3.2 Ability to resist natural factors

1)Wind resistance:The strength of steel columns enables them to cope with strong winds and other extreme climatic conditions.In areas with strong winds, photovoltaic modules often face challenges such as wind pressure and airflow,and steel columns can ensure the stable installation of photovoltaic systems and avoid displacement or damage to the system caused by wind.

2)  Snow and rain resistance:In areas with heavy snow or frequent rainstorms,the strong support and weather resistance of steel columns can prevent the photovoltaic system from tilting or collapsing due to the heavy pressure of snow or the impact of rainstorms.Especially in areas with high snow accumulation,steel columns have sufficient compressive strength to bear the weight of snow and ensure the long-term stable operation of the system.

3) Adaptability to various climatic conditions:Due to the corrosion resistance and weather resistance of steel columns,they are suitable for various climatic conditions,from hot and dry to cold and humid environments,which can effectively extend the service life of the roof and its photovoltaic system and maintain its stable operation.

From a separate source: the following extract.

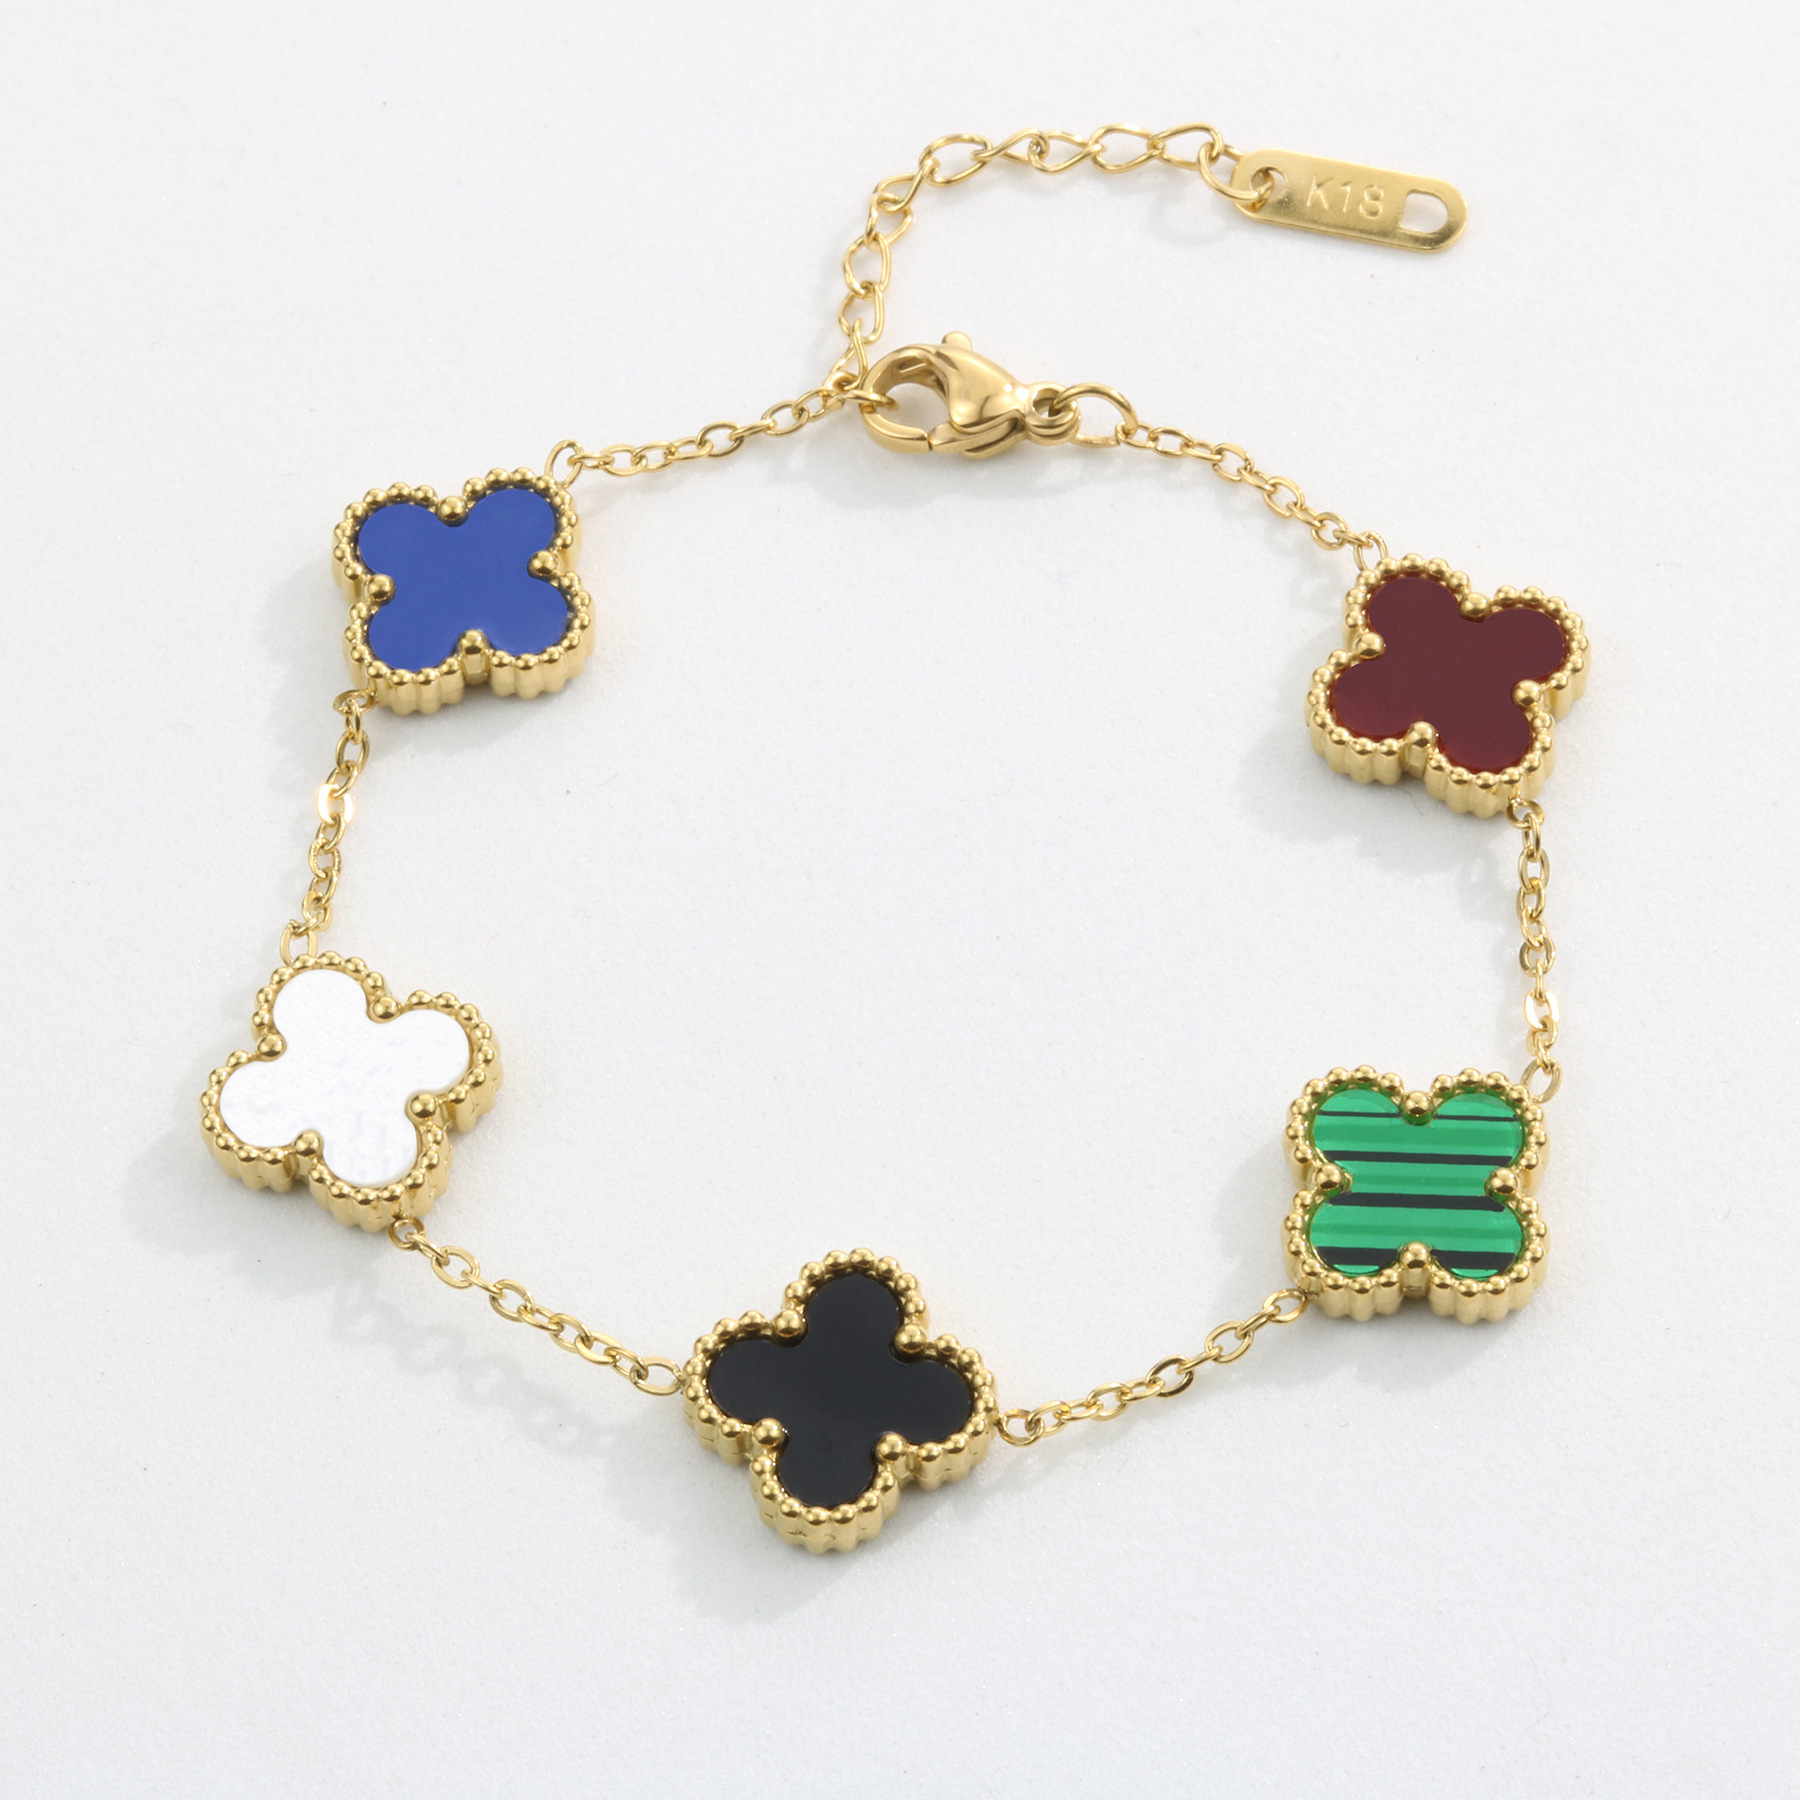 Adjustable New Design Gold Plated Stainless Steel 316L Plant Flower Bracelet With Five Leaf Petals Women's Luxury Gifts

3.3 Photovoltaic module angle adjustment

1) Flexible angle adjustment:The steel column design allows the tilt angle of the photovoltaic module to be adjusted according to specific needs during installation.The angle adjustment not only helps the photovoltaic system to achieve the optimal light reception in different geographical locations and seasonal changes,but also can further improve the power generation efficiency according to the changes in light intensity and sunshine time.

2) Implementation of dynamic angle adjustment:Due to the high load-bearing capacity of the steel column,a slightly heavier angle adjustment tracking device can be equipped when necessary.Through dynamic adjustment,the photovoltaic module can always face the most favorable solar radiation angle.For systems that pursue high power generation efficiency,flexible angle adjustment provides higher operability.

3) Adjusting the photovoltaic module's angle improves power generation efficiency, especially in regions with significant seasonal solar angle changes. This maximizes annual energy output by enabling efficient solar absorption and conversion. The durable H-type TPO membrane ensures waterproofing, corrosion resistance, and longevity under heavy snow and diverse climates.